Избранное - Леонид Леонов
Шрифт:
Интервал:
Закладка:
Именно Жеглова и вызвали по телефону, когда начались преждевременные роды. Нижняя жилица привела акушерку. Та кипятила воду на примусе и курила толстую дымучую папиросу, когда приехал Жеглов; затягиваясь она равнодушно глядела в просвет на заиндевелом окне: там, на улице, подыхала близ сугроба кляча. Акушеркина брата, юнкера, застрелили в октябрьских боях, и с тех пор она почитала нравственным долгом ненавидеть большевиков; ненавидела она, впрочем, не особенно пламенно, так как недолюбливала и братца. У неё на лбу, в землистой борозде, прятался прыщ, и Наталье всё казалось, что такая непременно ткнёт её папиросой в голый живот. Тем сильней она обрадовалась Жеглову, который ещё с порога начал доставать из кармана яблоко. Затем, присев возле, он рассказывал невероятные истории, как, например, и ему однажды довелось действовать за повивальную бабку. Наталья не смеялась и, кутаясь в шубку всё косилась на акушерку, вынимавшую из кипятка сверкающие инструменты, атрибуты ремесла. Вдруг лицо Натальи стремительно пророзовело, и яблоко покатилось из откинутой руки.
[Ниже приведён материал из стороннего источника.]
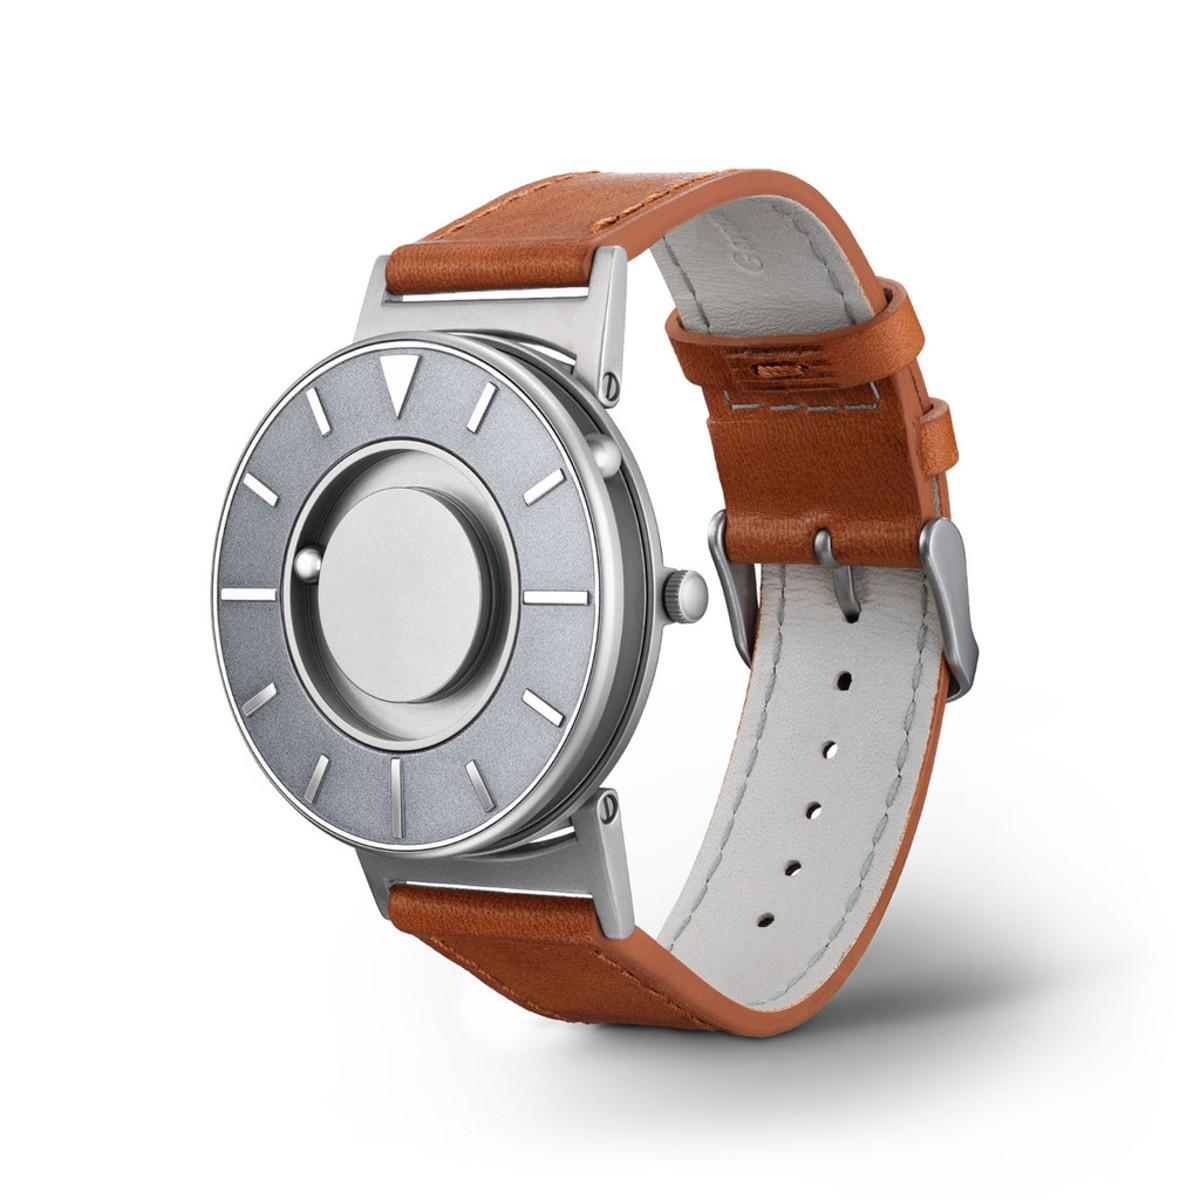 触る時計『EONE』|《VOYAGER》品性と知性を醸し出すイタリア製本革バンド、触って時間を知る時計| EONE

— Ну, родитель, ступайте покурить… — оживилась акушерка и вытолкнула Жеглова, который от растерянности кинулся прежде всего поднимать яблоко.
Обжигали его затуманившиеся наташины глаза; кроме того, видевший расстрел рабочей демонстрации, он на выносил женского вопля. Как был, без шапки, Жеглов выскочил на площадку лестницы. Дверь, снабжённая автоматическим замком, захлопнулась. Жеглов остался один.
IIIСнизу дул в разбитую дверь почти полярный холод; окна тоже не имели стёкол, и снежинки привольно резвились в сумерках лестничного провала. Обвиваемый сквознячками, Жеглов усердно топтался на месте и всё вскидывал на нос спадающее пенсне. Рубашка из синей бумазейки, какой раньше обклеивали футляры, вовсе не согревала. Когда стали коченеть ноги, он принялся поплясывать энергичней, даже соблюдая подсознательный ритм. Дверь, соседней квартиры открылась, и человек внушительных размеров, да и возрастом не менее пятидесяти вынес за дверь помойное ведро. Неторопливо отжав мокрую тряпку, он искоса взглянул на Жеглова и прислушался к крикам, которые сочились и сквозь войлочную обивку. Тогда, застенчиво улыбнувшись, Жеглов стал сморкаться.
— Ничего, валяйте, — сказал человек с тряпкой.
— Дует очень, — пожаловался сквозь зубы Жеглов.
— Зима, — рассудительно определил тот. — Брат?
— Не совсем.
— Э, дядя! — догадался тот, не допуская никакого родства, кроме физического, которое толкнуло бы на такую жертву.
— Знаете что… И не дядя!
Человек с тряпкой меланхолически почесал переносье:
— Да, можно простудиться — январь, — и неторопливо захлопнул дверь.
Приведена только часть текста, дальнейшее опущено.